The Donors' Education Collaborative (DEC) is a joint grantmaking effort that supports policy reforms aimed at making the New York City public school system more equitable and responsive to the needs of all children.

Since its inception, its members have shared a belief that an informed, organized, and empowered constituency of parents, educators, businesses, and community leaders is required to advocate for and sustain systemic reform that will spur increases in student achievement.


The Urban Youth Collaborative held a rally to highlight its agenda for schools, which includes making schools safer, and helping kids transition from high school to college.
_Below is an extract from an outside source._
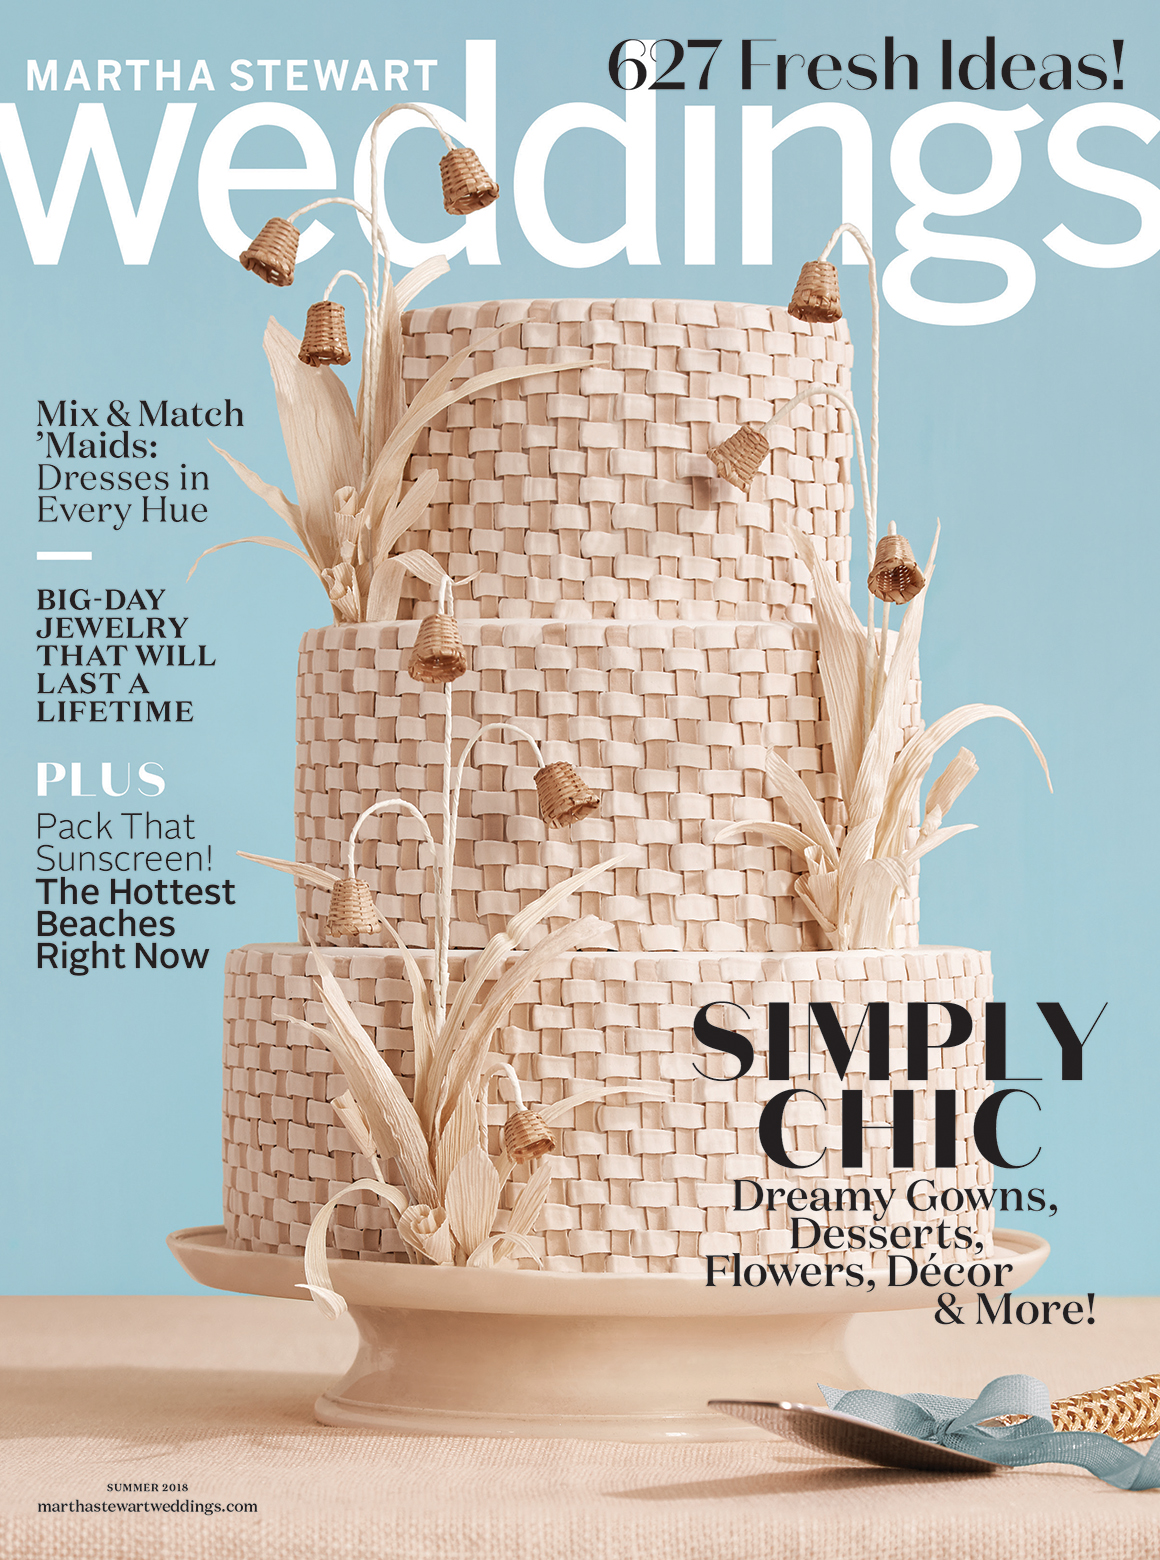 Martha Steward Weddings Magazine from summer 2018 titled "Simply Chic! Dreamy gowns, Desserts, Flowers, Decor, and more!" The cover features a three tiered wedding cake thats woven from a light wood straw material with tiny basket flowers and straw leaves on a blue background.

DEC has invested over $14 million in projects that combine constituency building, policy research and development, advocacy, media campaigns, negotiation, and organizing to achieve reform.  It has supported many of these projects for a decade or more.

In the face of the current economic downtown, our grantees are working to ensure that education funds are not cut and are directed at those students most in need.  They continue to work with policymakers to target significant resources toward those students and enable community participation in deciding how to allocate dollars and judge the effectiveness of programs. 

DEC funding has also substantially contributed to the changed landscape for school reform in New York.  A recent analysis of 2007 media coverage of City education news found that that advocates play a more significant role in education debates than in the past.  Organizations not previously involved in educational reform, such as the New York Immigration Coalition, the Alliance for Quality Education, and many community development and housing groups, have become influential education advocates.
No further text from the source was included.